Open dlech opened 4 years ago

dlech commented 4 years ago

@laurensvalk, it's great that you already have the very same idea! The NXT hubs, which are actually quite powerful hardware, will be wasted without a modern, preferably Python, API. If I'm not wrong, the existing Python API for NXT is https://github.com/Eelviny/nxt-python, which is about 5 years old already and currently unmaintained.

What does it take, generally, to write the NXT hub module in PyBricks? How can we help? -- I can look among my friend circle for engineers who would like to take on this, with your guidance. Also, what sponsorship is needed for projects like this?

Originally posted by @TheVinhLuong102 in https://github.com/pybricks/support/issues/29#issuecomment-685858236

dlech commented 4 years ago

I think the first thing that needs to be done before getting into the code is to design the user experience. The NXT is quite different in this regard compared to the Powered Up hubs we are currently focused on.

To answer these questions, what I would like to see is mock-ups, flow charts, etc. that give a very precise specification of how things should look and behave from the user's point of view.

Once we have a clear idea of what the end product should be, then we can start discussing specifics on how to get there.
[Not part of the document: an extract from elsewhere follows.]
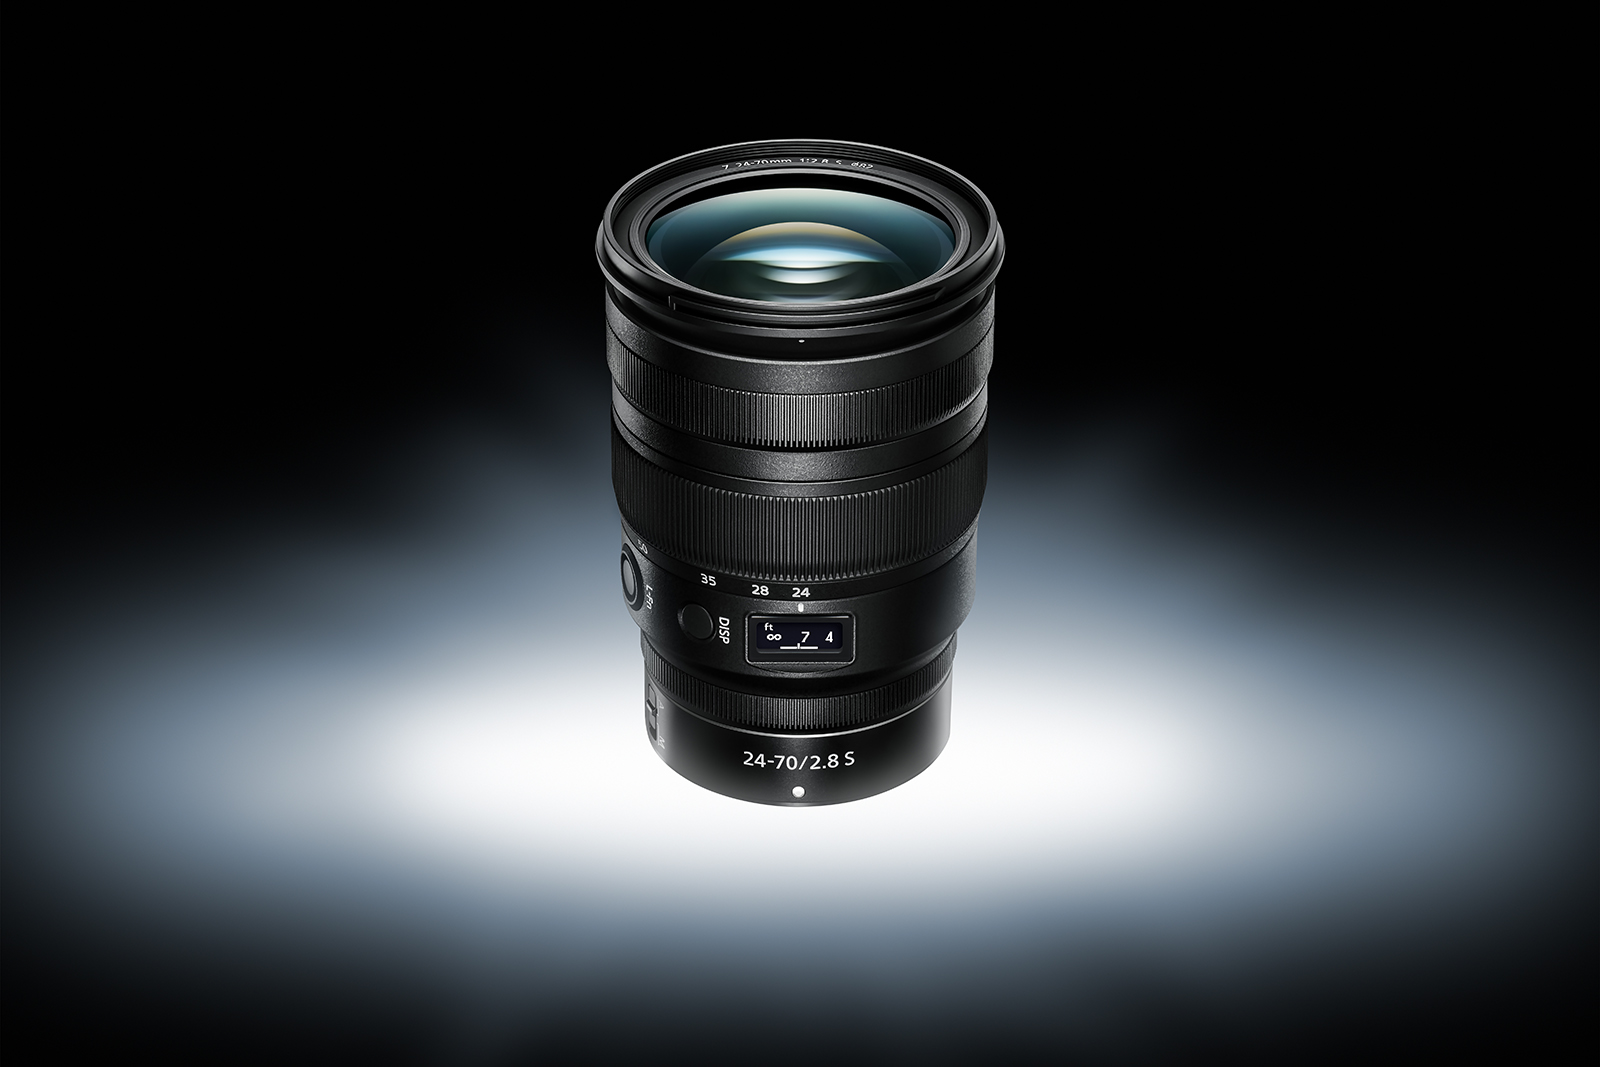 nikon nikkor 24 70mm s lens announced pbs z24 70 f2 8s lcd

TheVinhLuong102 commented 4 years ago

@dlech yes the UX design should indeed be the first step. Could you point us to the good references for the above considerations, so that we can start reading up? There're lots of historical considerations and decisions that new members like myself need to understand.

laurensvalk commented 4 years ago

Once we have a clear idea of what the end product should be, then we can start discussing specifics on how to get there.

In fact, taking a step further back, there are more fundamental things to clear up before even defining what the product should be, such as:

Let's not get trapped in technicalities at this stage, there's plenty of time for that later.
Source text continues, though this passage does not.